We have added the following to the Results section to address this comment.
“In all symmetric outer leaflet simulations, PDIM and PAT sit just below the headgroups of other lipids at the start of production, due to our equilibration scheme. During the last step of equilibration, lipid headgroups are allowed to move freely, which initiates migration to the membrane center and causes the slight difference between PDIM/PAT and the other lipids’ headgroup positions (Supporting Information Figs. S5, S6).”
Minor Point:
In view of the complexity of the system undertaken for the study, the manuscript in its current form may not be informative for readers who are not experts in molecular simulations.

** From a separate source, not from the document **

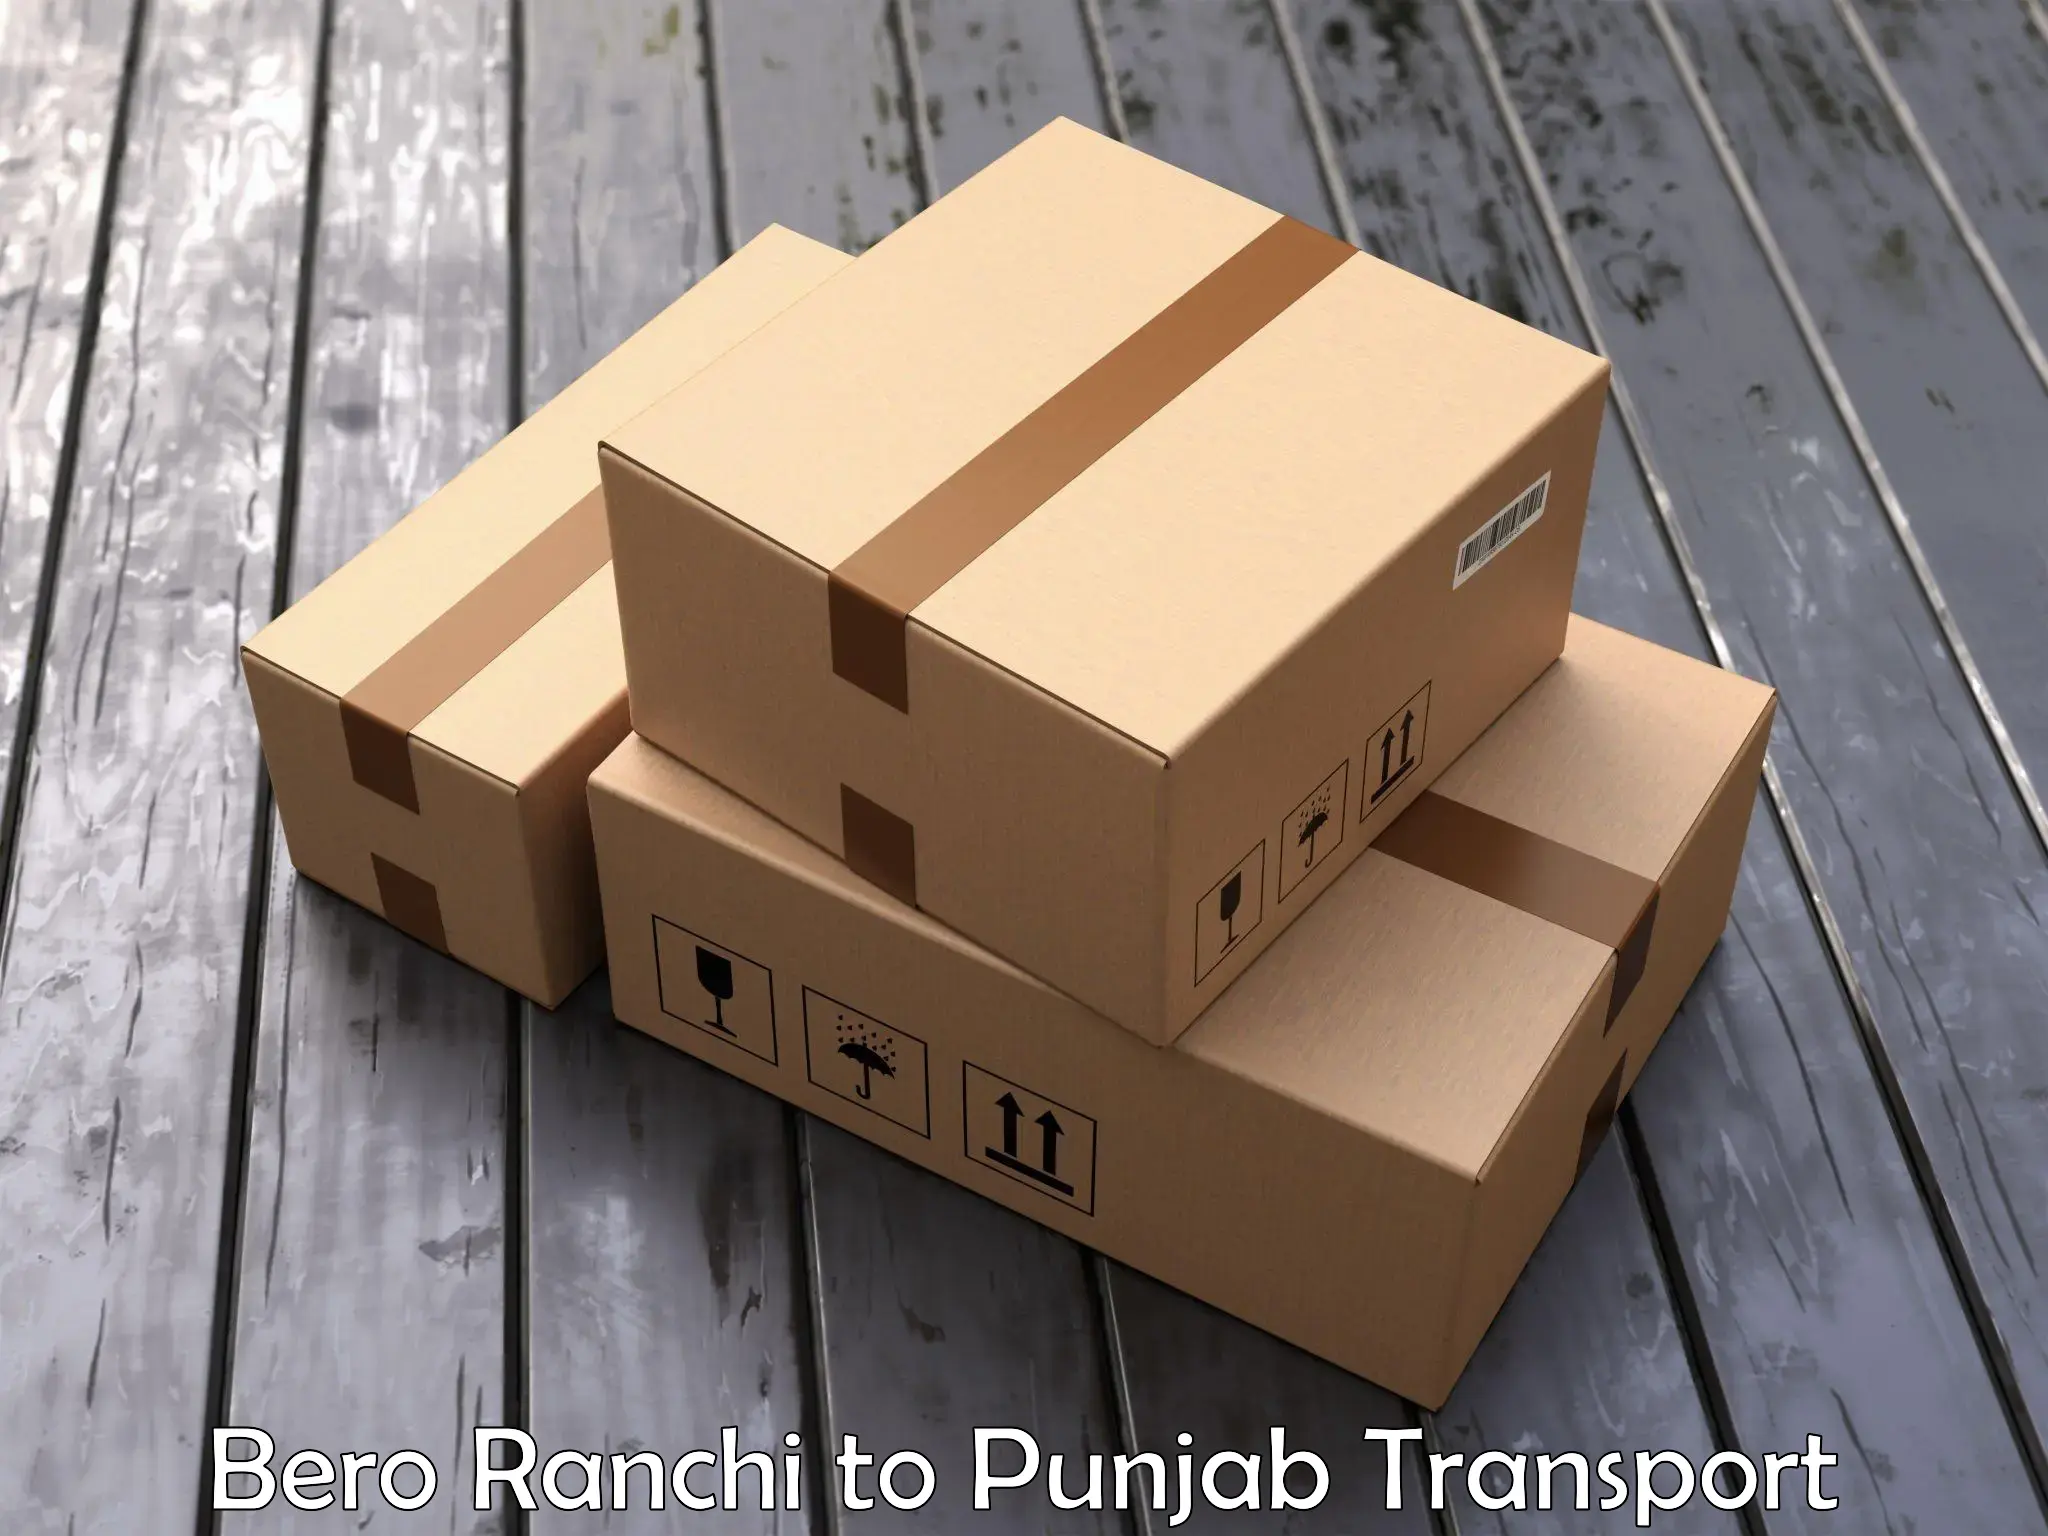 Truck transport companies in India Bero Ranchi to Garhshankar

This work represents the first atomistic simulation of the mycobacterial outer membrane. While not perfectly realistic, as it does not include arabinogalactan or peptidoglycan, it does have extensive descriptions of each lipid simulated and their relevance to the survival of Mtb.
Recommendations for the authors:
Reviewer #2 (Recommendations for the authors):
(1) The interface to build and set up all atom coordinates of the outer membrane of Mycobacterium tuberculosis should be available from CHARMM-GUI.

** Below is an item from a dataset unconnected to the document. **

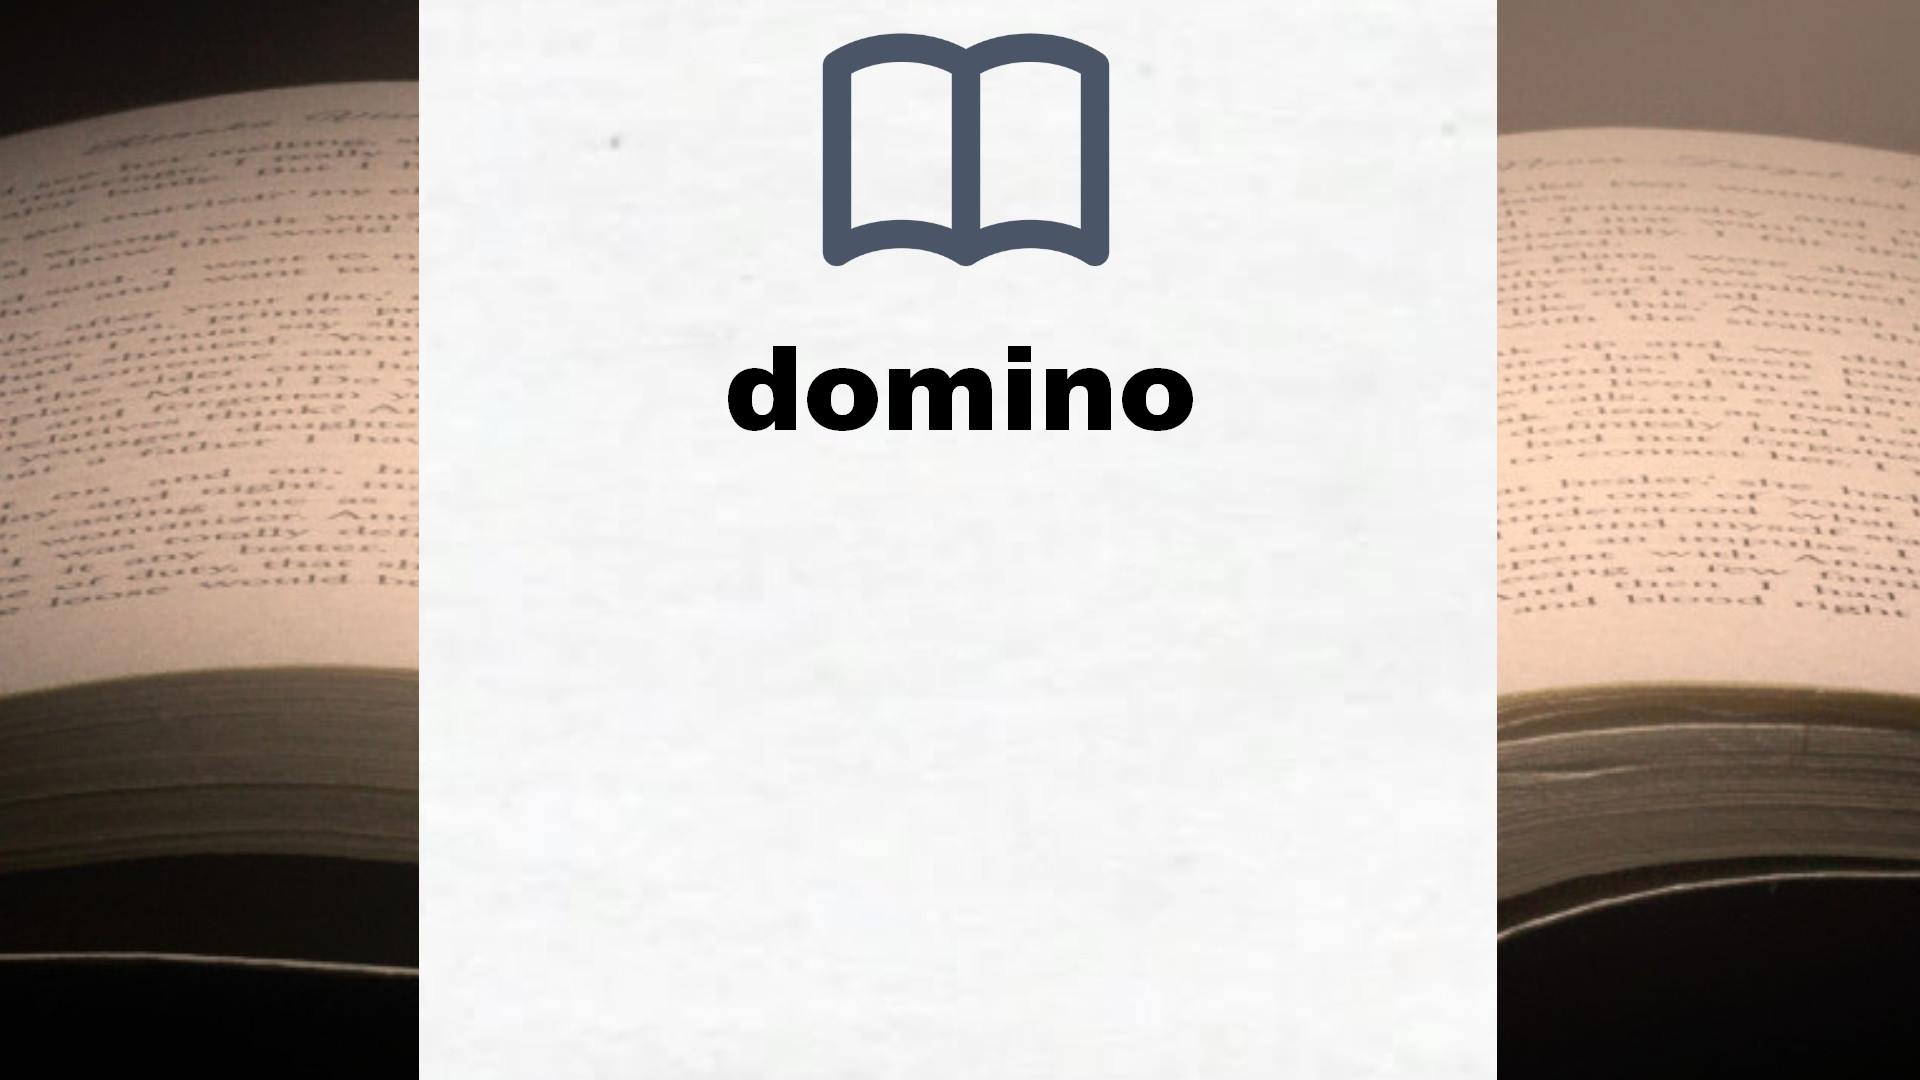 Libros sobre domino

The current manuscript is meant as a proof of concept for simulating bilayers composed of complex mycobacterial lipids. The current study itself took more than 3 years. Since we have developed CHARMM-GUI, the lipids described in this paper may be available in CHARMM-GUI in the future, but that is not the aim of this paper. Initial structures and final 50 ns of the simulations are available to readers (see Data Acknowledgements).

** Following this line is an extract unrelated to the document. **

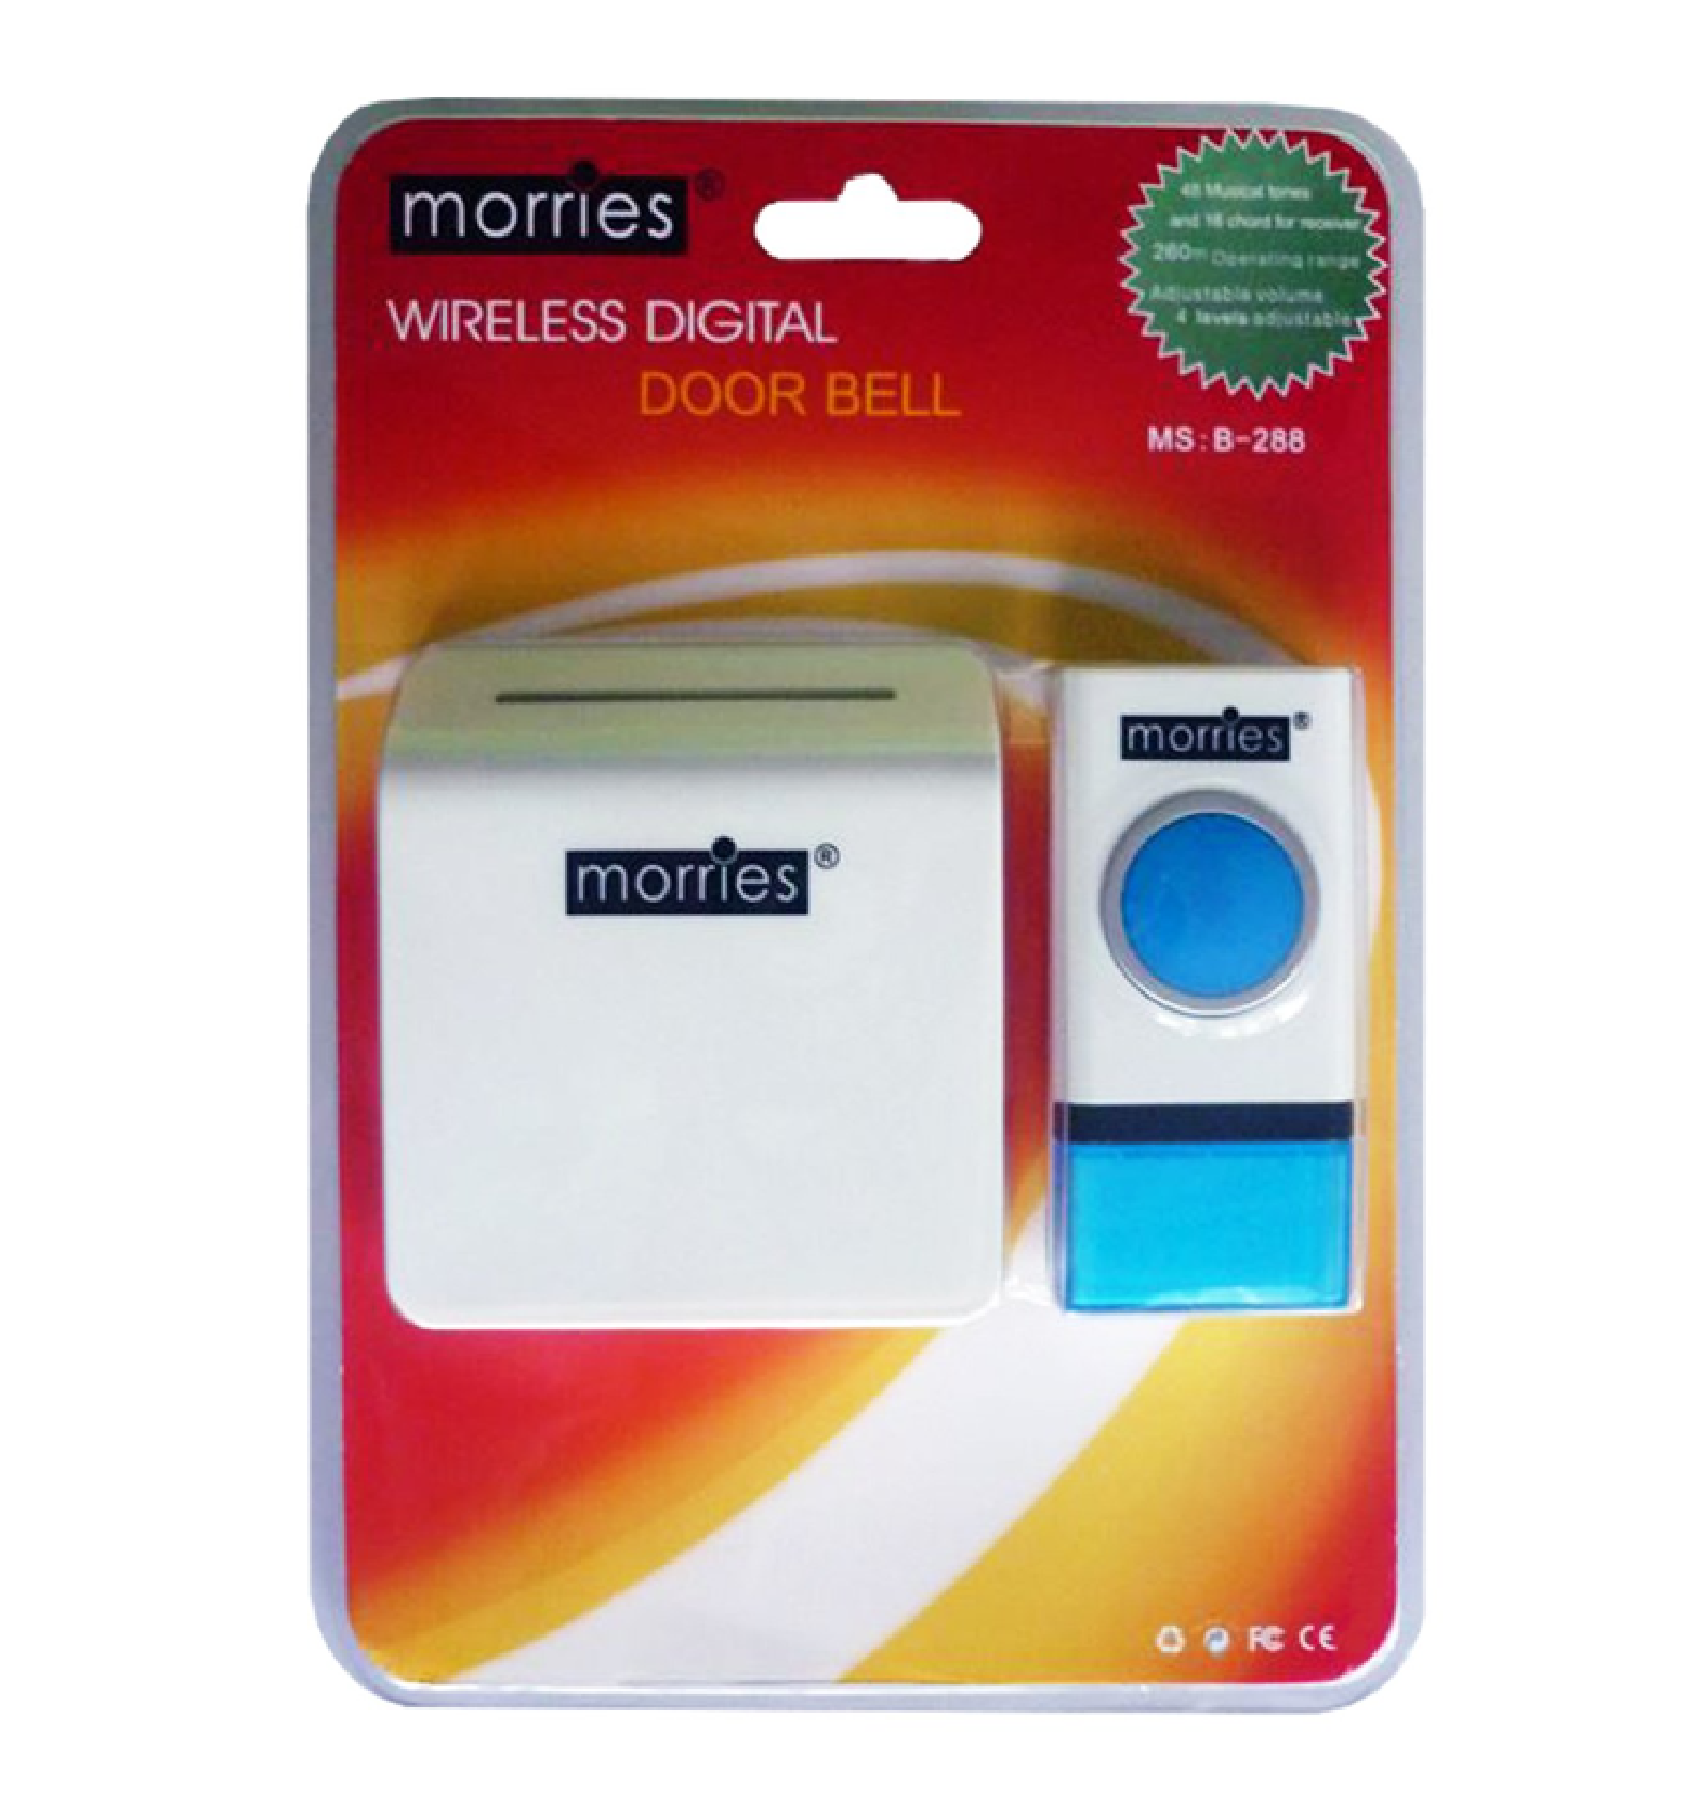 Morries MS-B-288 Wireless Doorbell (DIRECT 3 PIN PLUG)

(2) The difference between symmetric and asymmetric systems in Figures 2K and 2L is not at all clear, neither in the legend to the figure nor in the manuscript text. The color codes in 2K and 2L should be described with clarity. The authors should provide schematic diagrams similar to Figure 1 to explain each of the simulation systems they are discussing. This will clarify the difference between symmetric and asymmetric systems.
We have updated Figure 1 to clearly show which systems are symmetric and which are asymmetric.
(3) The first two sub-sections of the RESULT section discuss symmetric mycolic acid bilayers. The observations on thermal resilience and phase transitions are interesting, but the relevance of symmetric mycolic acid bilayers (Figures 3 & 4) to the major focus of the current manuscript (i.e., outer membrane consisting of multiple lipids) is not clear.
Most previous simulations only focused on monolayers of mycolic acids. Our symmetric bilayers are used to provide reasonable APL and system compositions for the asymmetric membrane, so as to avoid area mismatch. We can also gain insights into how these unique lipids behave in symmetric bilayers, which may be useful to scientists aiming to study simpler membranes in the context of drug permeation or pore formation. These points have been addressed in the following addition to the Introduction section.
“We have also used the equilibrated symmetric bilayers to estimate reasonable areas per lipid and facilitate the modeling of stable asymmetric systems.”